What is IP Address Spoofing?
IP address spoofing is the process of making IP packets to hide the true identity of an email or file sender. Even if it has some legitimate purpose, spoofing is considered unethical. Because it often uses to harvest the personal information like: account and financial information, without the permission of the owner.
Normally, all data transfer across the Internet, will have sender and receiver’s IP address. It is similar to postal mail where there is deliver address and return address. In the case of spoofing, the IP address of sender is substituted with a fake or spoofed address, this makes it difficult to trace the source (or sender) address where is the data is sending from.
One example of IP address spoofing is the using of email to send out and makes it appear to be from some companies (such banks, Credit Card companies) or organizations that recipient knows and trusts. But, actually, it is from the unknown source.
Then in the spoofed email, they tell that: 1) the recipient’s account with the company has problem, and 2) they provide a link in that email to open a web page. Upon clicking on the link, it will bring the recipient to a fake page (but it appears to be official page), and they ask the recipient to enter username, password, and other personal information.

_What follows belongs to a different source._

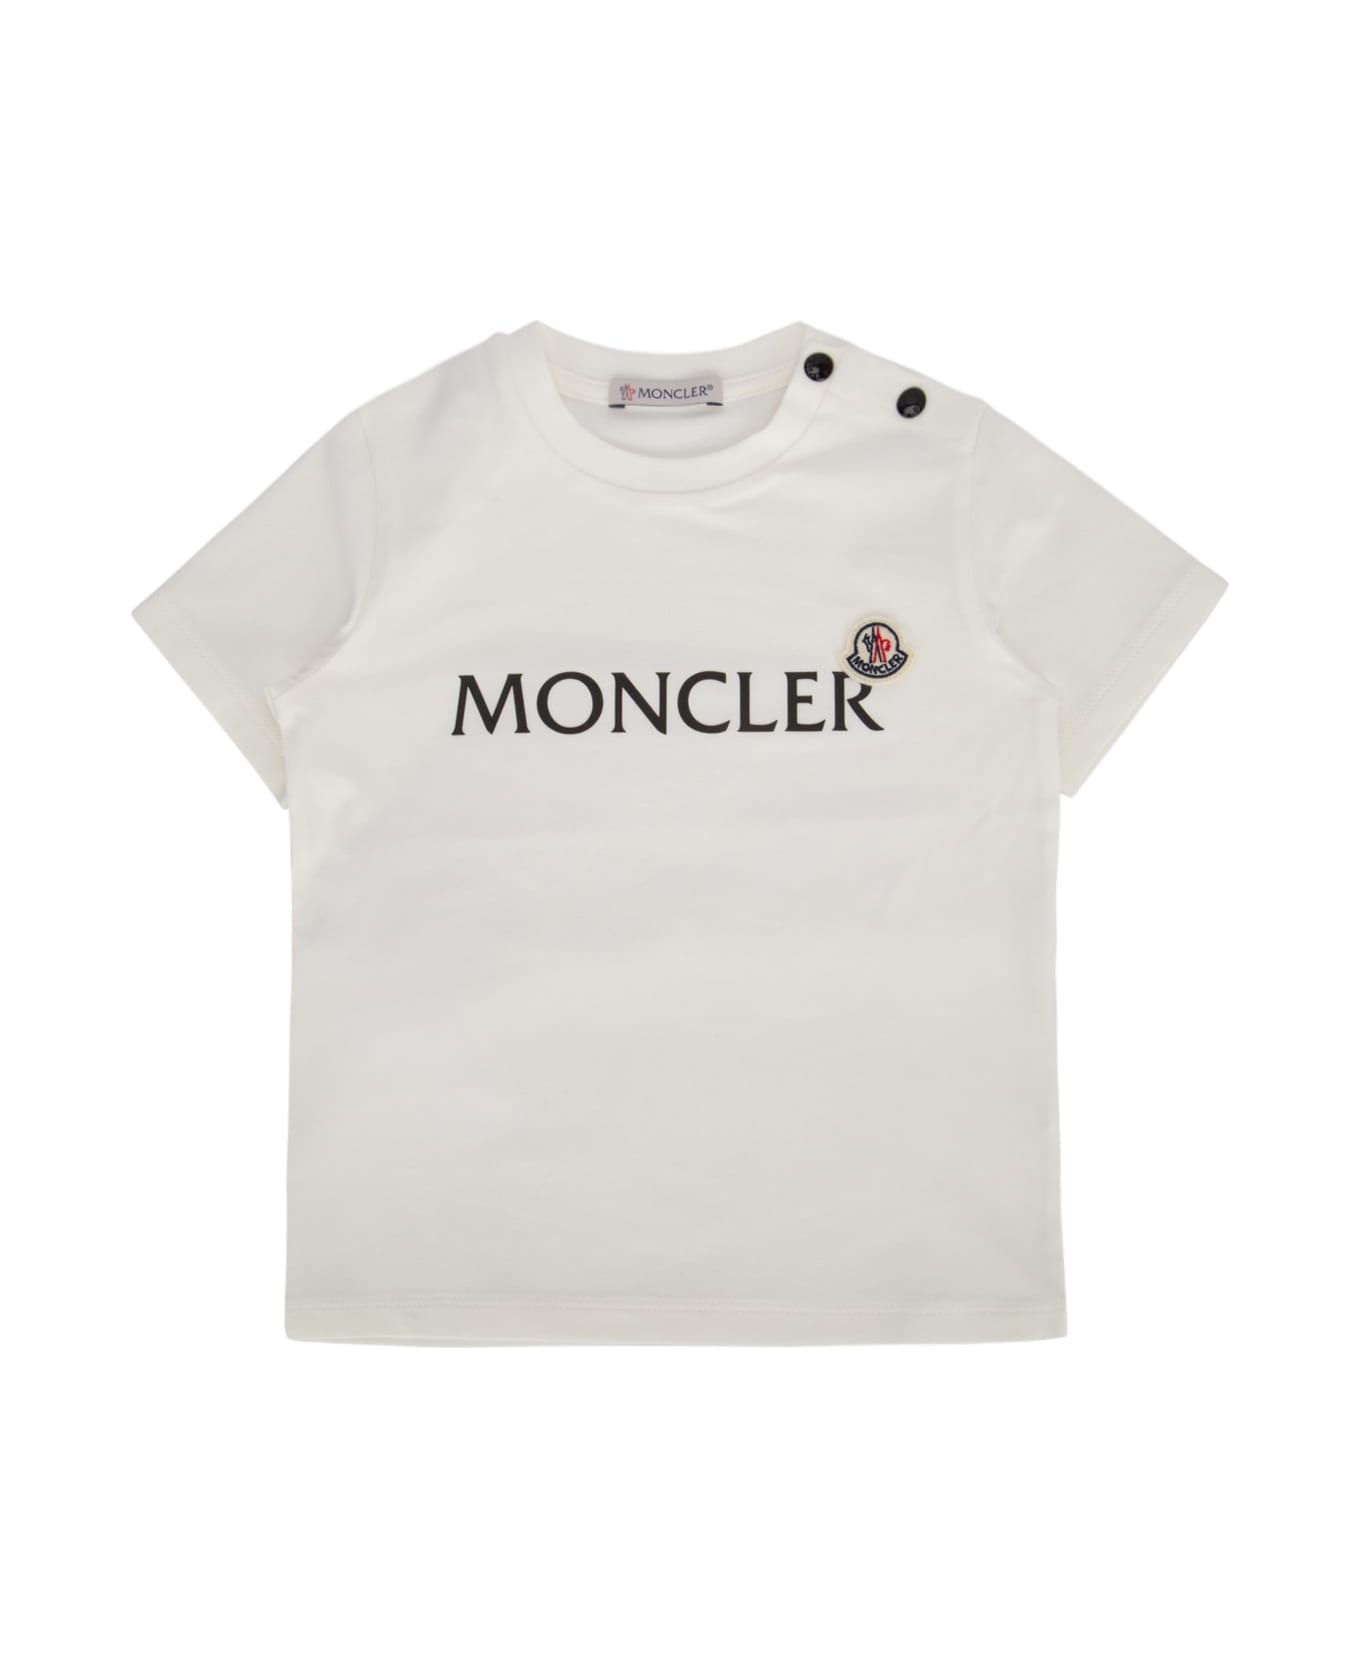 Moncler Maglione - F09

By using spoofing, the originator of the spoofing email can collect data and other login information. They might break into using the email account of recipient or other personal information such bank account or Credit Card for their purpose. The spoofed victim usually does not realize until their bank account is drained or unauthorized credit card charge appeared.
Most companies such banks or Credit Card companies, warned their clients not to open email and click on the link to do any form of business. In case, these companies send out legitimate email to clients, they recommend their client to open a new web browser and enter business web site directly. This way will effectively by-pass the IP spoofing scheme and avoid falling victim by revealing personal information to unknown source.